In March v. Medicredit, No. 4:13-CV-1210-TIA, 2013 WL 6265070 (E.D. Mo. Dec. 4,
2013), this Court advised that “in future cases, putative class action plaintiffs would be wise to
immediately file [motions for class certification] to protect the class from similar motions to
dismiss based on offers of judgment,” but also stated that defendants “should not be able to use
offers of judgment [under Federal Rule of Civil Procedure 68] to thwart class actions.” Id. at *3.
Thus, the March court struck the defendant’s offer of judgment and denied defendant’s motion to
dismiss. Id. at *4. Numerous courts in this District have opted to deny these early motions to
certify without prejudice to refiling at the appropriate time rather than permit the motions to pend
indefinitely. See e.g., Prater v. Medicredit, Inc., 301 F.R.D. 398, 401 (E.D. Mo. 2014); Max
Margulis v. Eagle Health Advisors, LLC, No. 4:15-CV-1248-JAR, ECF No. 25 (Mar. 31, 2016);
Physicians Healthsource Inc. v. Express Scripts Services Co., No. 4:15-CV-664-JAR, ECF No.

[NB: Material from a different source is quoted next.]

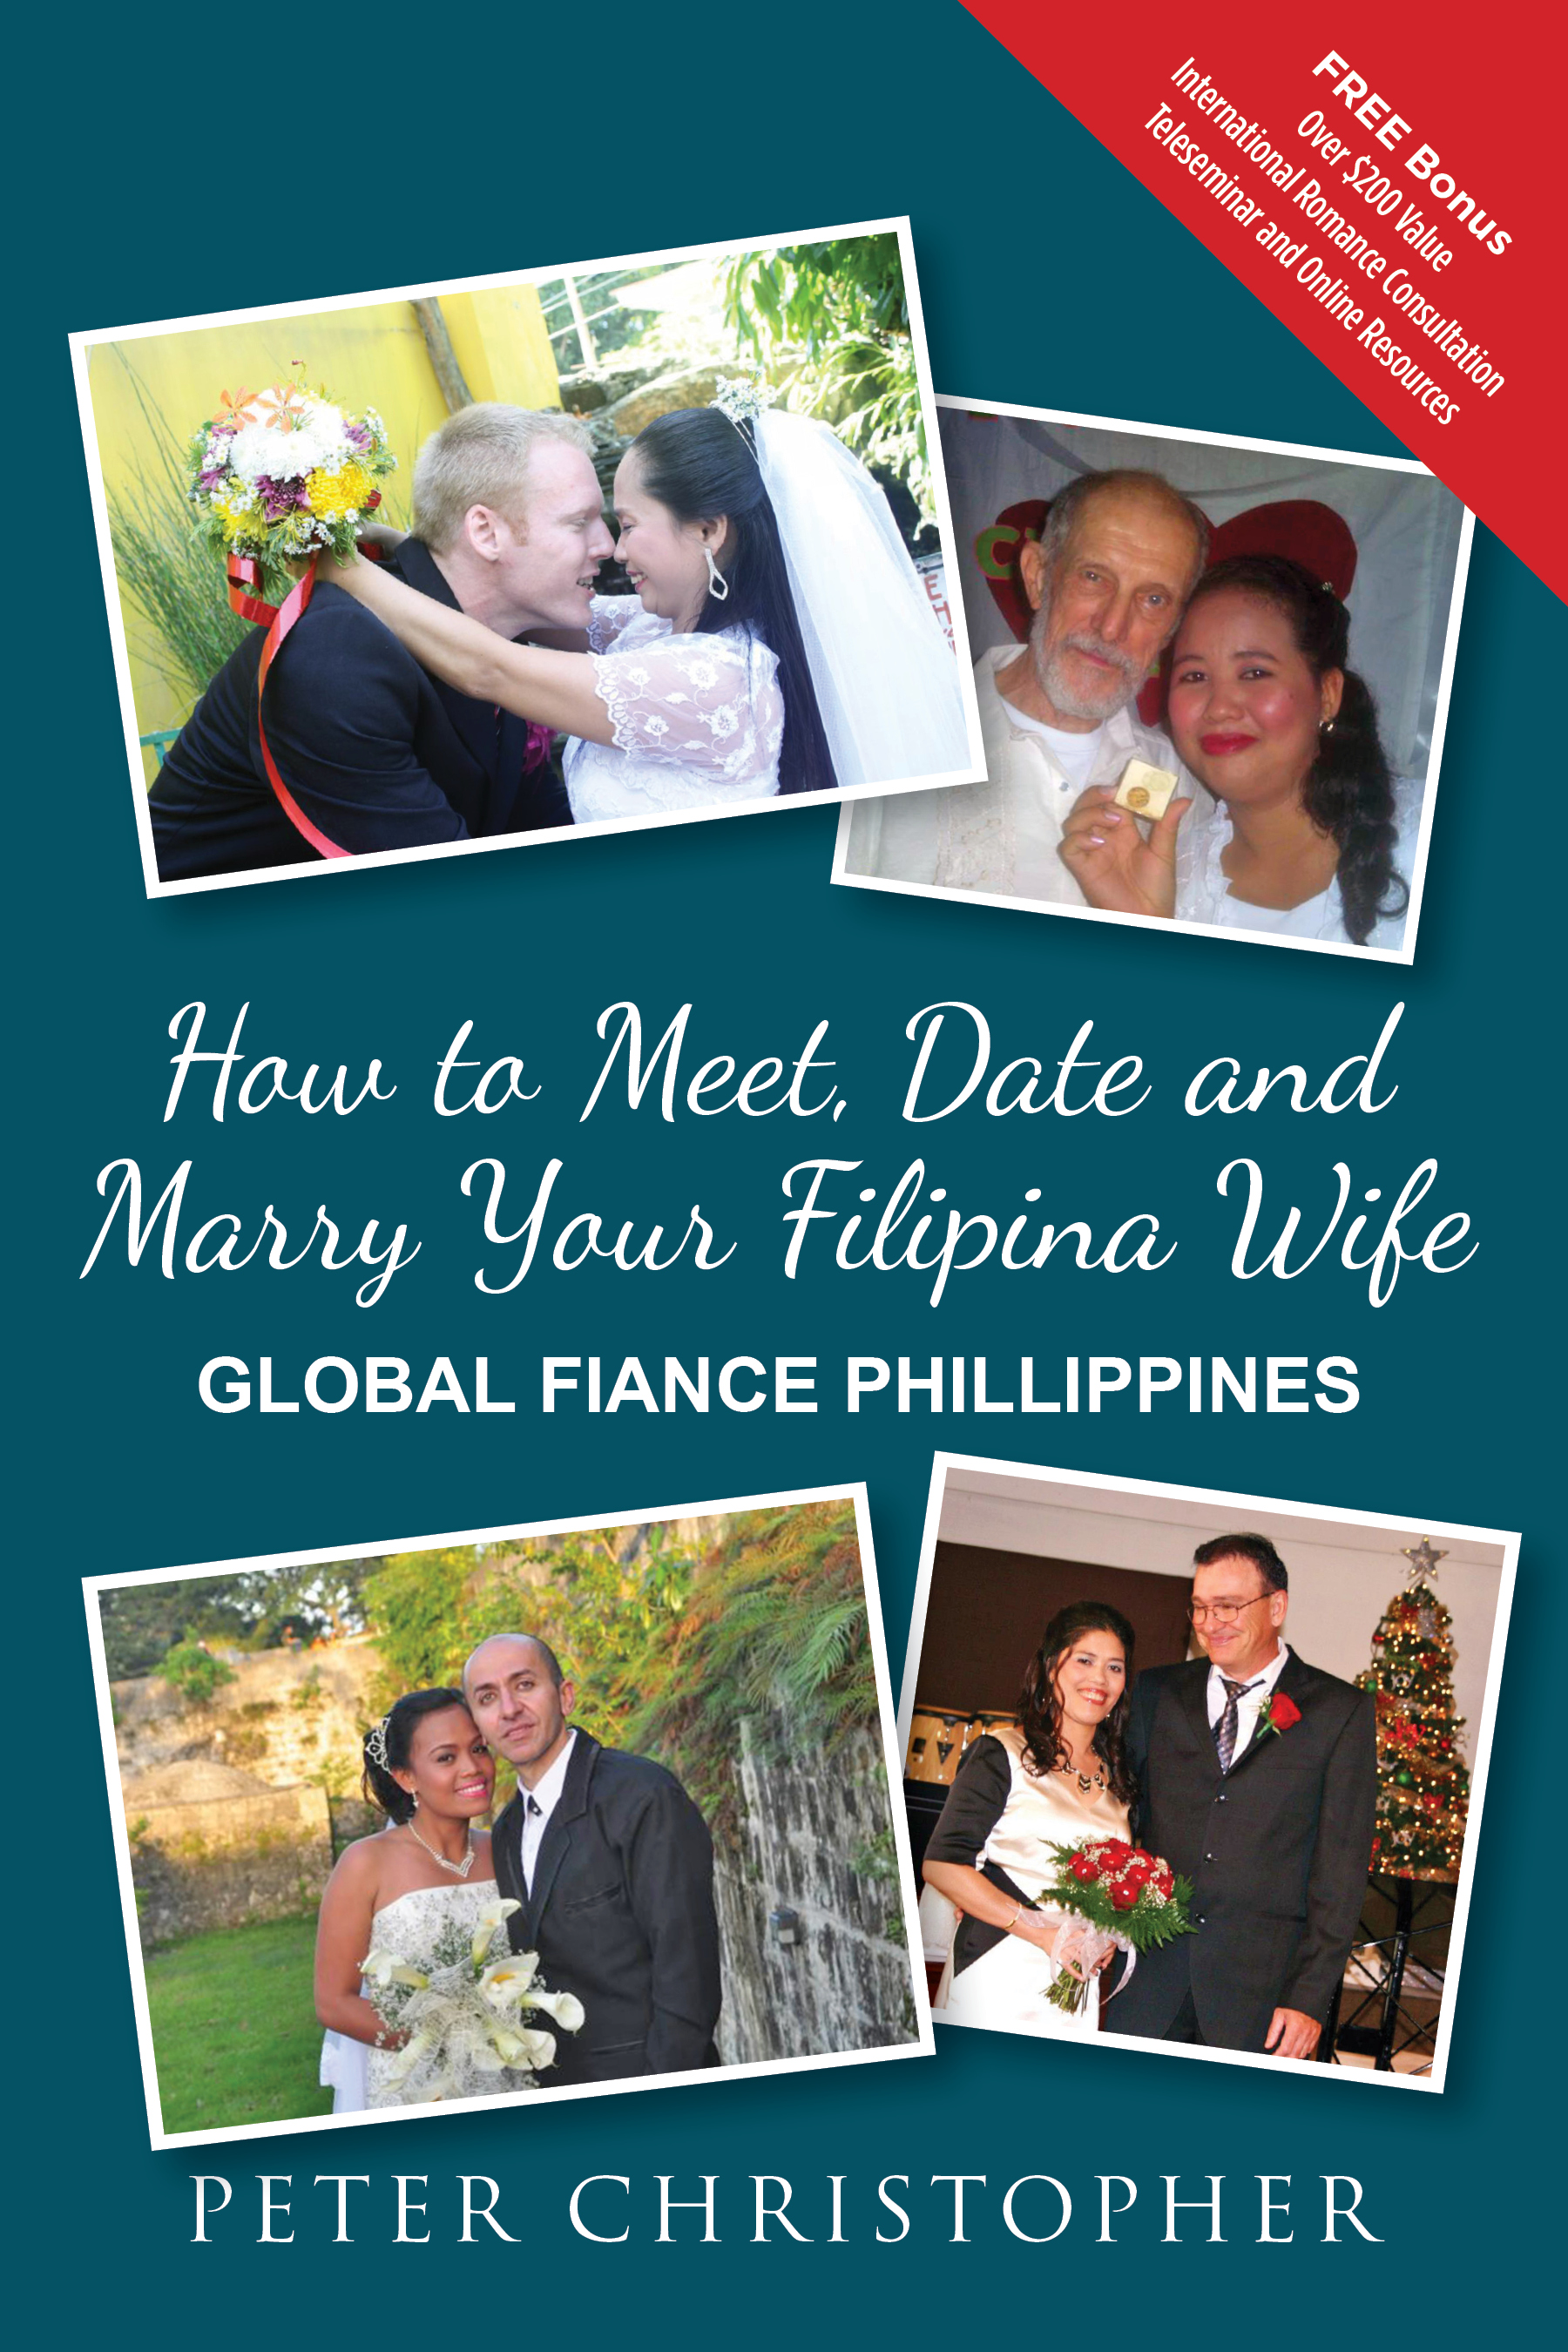 Philippinen christian dating site

36 (Mar. 30, 2016); Marilyn Margulis v. Generation Life Ins. Co., et al., No. 4:14-CV-1462-
SNLJ, ECF No. 41 (Aug. 18, 2015); Douglas Phillip Brust, D.C., P.C. v. Orthopedic
Pharmaceuticals, Inc, et al., No. 4:14-CV-01170-AGF, ECF No. 24 (Oct. 21, 2014). Likewise,
this Court will deny Plaintiff’s motion at this time. Any offer of judgment made only to the
named Plaintiff before the Court rules on a motion for class certification filed in accordance with
a case management order will be stricken. See Prater, 301 F.R.D. at 401; Johnson v. U.S. Bank
Nat’l Ass’n, 276 F.R.D. 330, 334 (D. Minn. 2011).
IT IS HEREBY ORDERED that Plaintiff’s Motion for Class Certification and to Stay
Ruling and Briefing on the Same  is DENIED without prejudice.
IT IS FURTHER ORDERED that this matter will be set for a Rule 16 conference by
Dated this 21st day of November, 2016.